The departure of D&AD chief executive Michael Hockney on the eve of the association’s annual Congress has prompted speculation in certain quarters of the industry. The official line that his move was planned rings a little hollow, despite the fact that D&AD chairman Anthony Simonds-Gooding has dismissed as totally unfounded reports of a ‘power struggle’.
The truth will no doubt filter through, but in reality it is unlikely to cause many ripples in design. Apart from a small coterie of D&AD activists, there appear to be relatively few aficionados of the charity, whose mission is to promote creative excellence throughout the creative industries.

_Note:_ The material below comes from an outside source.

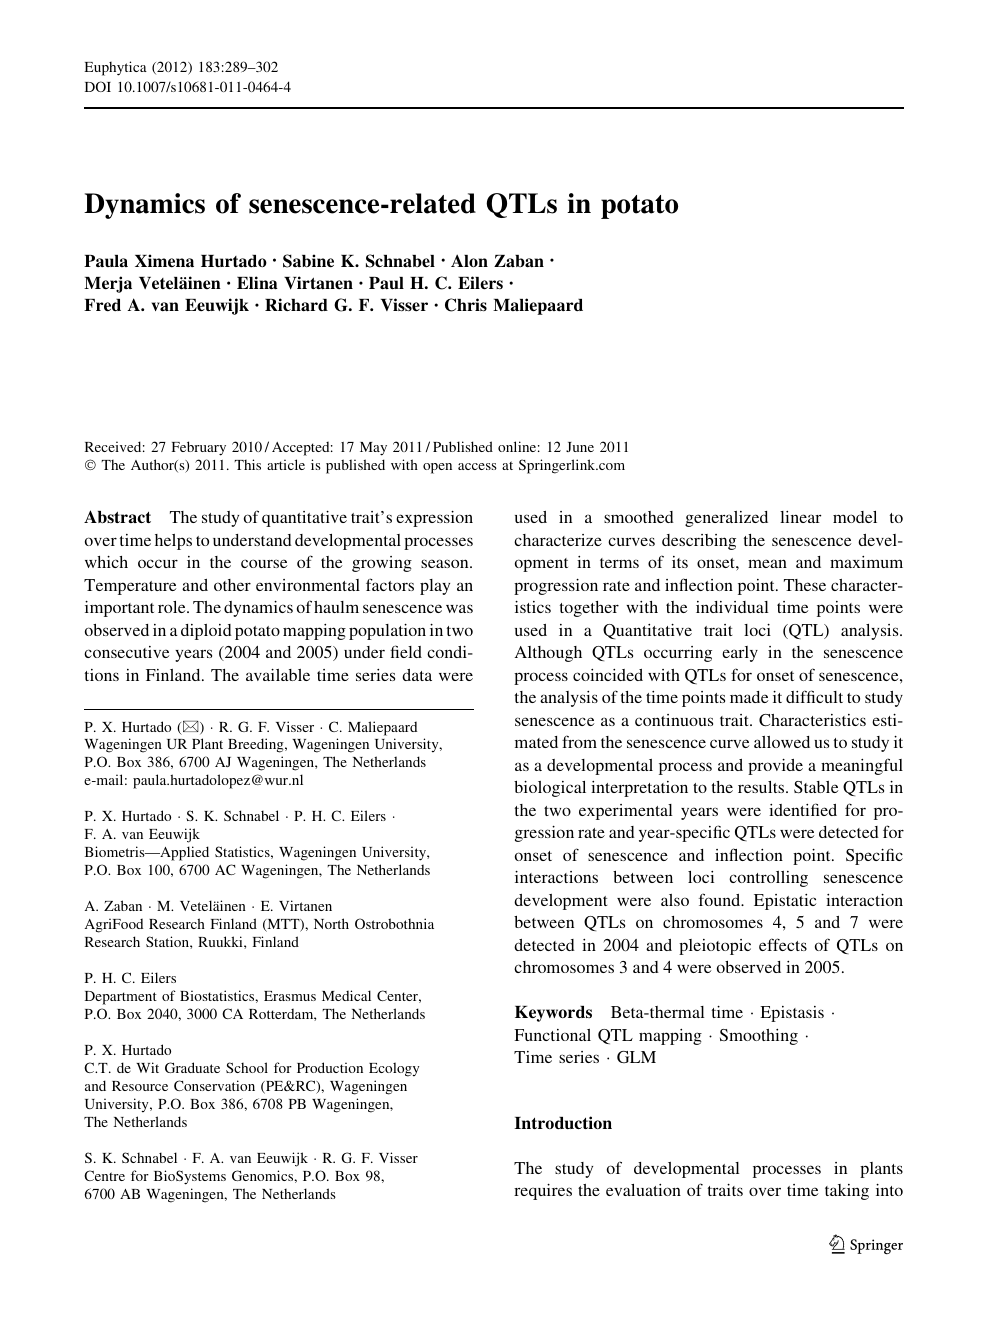 Dynamics Of Senescence Related Qtls In Potato Topic Of Research Paper In Biological Sciences Download Scholarly Article Pdf And Read For Free On Cyberleninka Open Science Hub

Hockney’s predecessor David Kester did much to foster design within D&AD, aided by designer presidents like Mary Lewis, Richard Seymour and Michael Johnson. But UK designers have never felt equal to the dominant advertising members and much of the goodwill built by Kester appears now to have been lost. The focus for the D&AD Awards has, for example, become more international and the shock of the new is said to have swayed some juries away from UK design.
The presidencies of Seymour and Dick Powell have boosted product entries. But the interiors community has no strong allegiance, and with graphics generally going through a creative dip and digital design only just coming on to D&AD’s radar we can’t expect much of a showing for design for a while.
D&AD does great things, particularly in education. Its student programmes are exceptional as is its work with tutors – and its creative workshops for practitioners are also deemed to be good.
But until it gets to grips with the UK design community it will continue to be regarded as an adland network. Simonds-Gooding, president Tony Davidson and president-elect Simon Waterfall have a lot of bridge building to do before they can claim D&AD is representative of the creative industries as a whole. The choice of Hockney’s successor is crucial if this is their aim.